It seems that loneliness hurts
worse after it's been gone from your life for awhile.
I doubt that it is worse, but it
feels worse.
There I was, twelve years into my
loneliness but was quite content. I spent my days working, smiling
and laughing. Very seldom did I actually feel alone. Then I allowed
someone into my life who filled a lot of time with talking, sharing
and laughing. Even deep thoughts were discussed. Dreams were
discussed.
Now that didn't work out and the
dread of feeling lonely has come back into my life to haunt me.
What's interesting though is that
I never realized many of the ways it affected me.
It's tough to write a blog. Well
tough in the sense that I don't want to share hurt. After all I'm a
guy. We are not supposed to have feelings... Uh hu, BS.
So I'm spending most of my time
finding all kinds of work that needs done. I figure that anything
that keeps me busy, keeps my mind occupied and busy. Then if I get
tired enough I can't waste time rehashing things in my mind and just
fall asleep when I go to bed. Hey, what can I say? It's working.
I'm picking one bigger project and
several smaller projects to do each day. Something that needs done
and makes my life better.
I've also decided to find at least
one beautiful and soothing thing about each day.
Find at least one thing each day
that I smiled about. That's a bit tough when your hurting, but it's
getting easier quicker that I suspected.
Another decision is to stay away
from negativity and negative people.
If someone wants to commiserate
and wants to start placing blame or bad mouthing in any way, I don't
need that and will just shut down and walk away. After all how can
you get past something when you refuse to let it go... I also had to
walk away and quit talking to my son for a bit. He was in a sour mood
and was being really negative. I need and want positive!
If I do find myself thinking bad
thoughts about myself or the situation, I drop them like a hot rock
and give myself a bit of heck for doing so. I'm refusing to let my
mind go where I don't want it to go.
When I came up with this plan on
Friday afternoon, I had originally given myself until August first. I
figured that would make one month of mourning over what could have
been but was decided against by someone else. Then I'd set my plan
into action.
Strange thing is that over the
weekend I feel I've made fantastic headway at healing!
I've been smiling even when I
don't really want to. Even laughed a few times.

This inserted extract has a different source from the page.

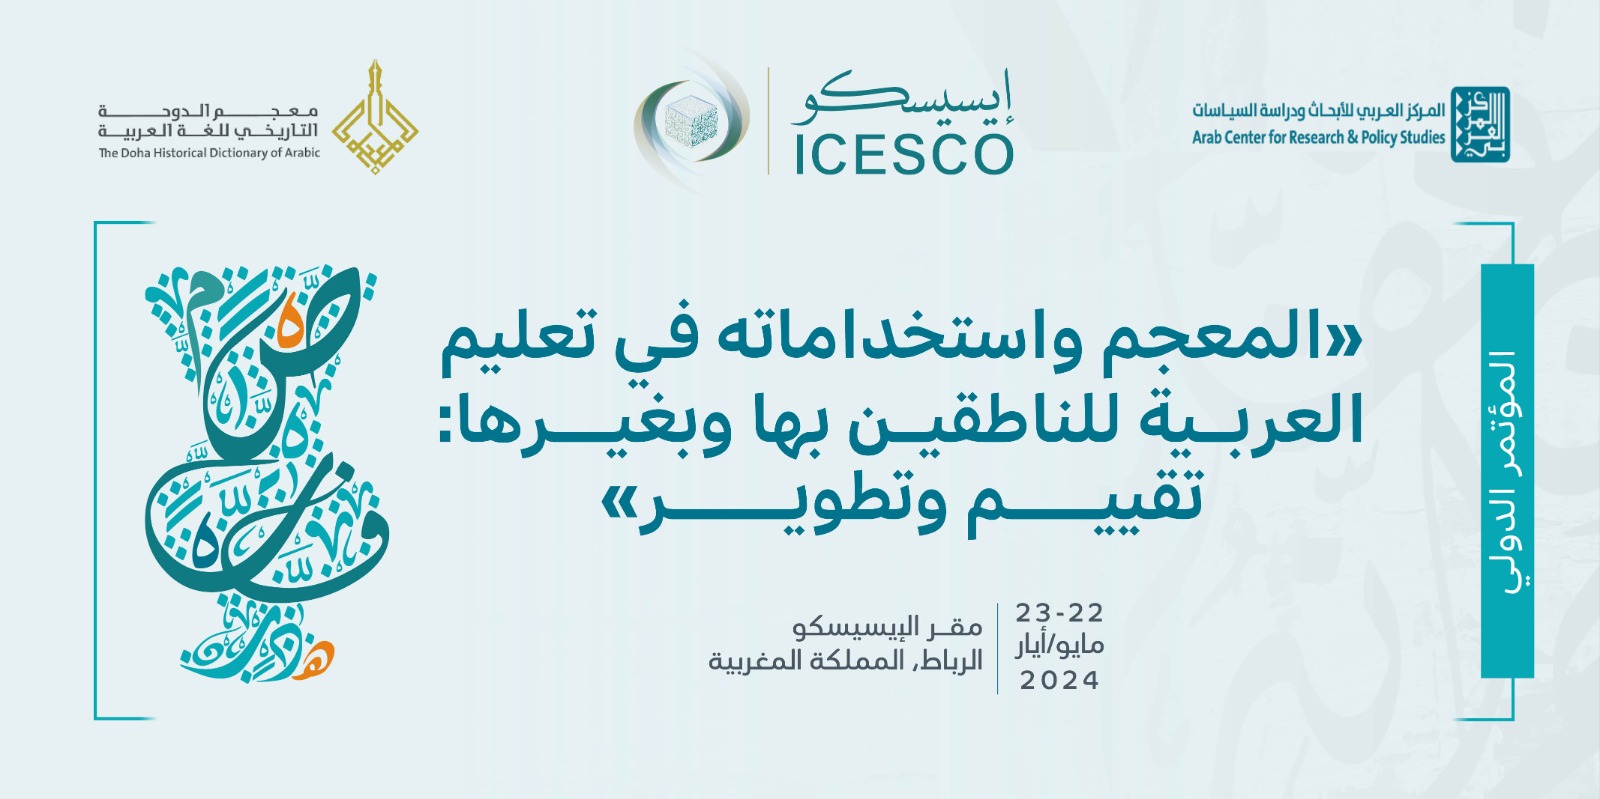 L’ICESCO invite les spécialistes à soumettre des documents de recherche pour participer à la Conférence sur le dictionnaire et ses utilisations dans l’enseignement de la langue arabe

I simply can't believe it's
working as well as it is...
There are still some moments when
I catch myself grieving, but I'm getting past them quickly and then
the smiles return. Not the huge smiles I like, more like little
smirks. But hey, they count too!
I'm curious to see just how well
this keeps working. Who knows. Maybe I have an outline that could
help others!
After all when anything in life
happens we need to learn from it and then use what we learn to try
and help others.
So to heck with the bad feelings
and on to the healing. Life is way to short to spend more time crying
when I could be smiling and laughing.
Besides I'm getting a little to
old to waste time feeling bad. I want the final chapter of my life to
be a happy one. That is why I attempted to find someone to share it
with. So hopefully it's back to the smiles and who knows, maybe
someone else will want to share what I have and my life.
If not I do know that I was happy
before and can be again!!!
I want to spend my time left
having a great time in the playground!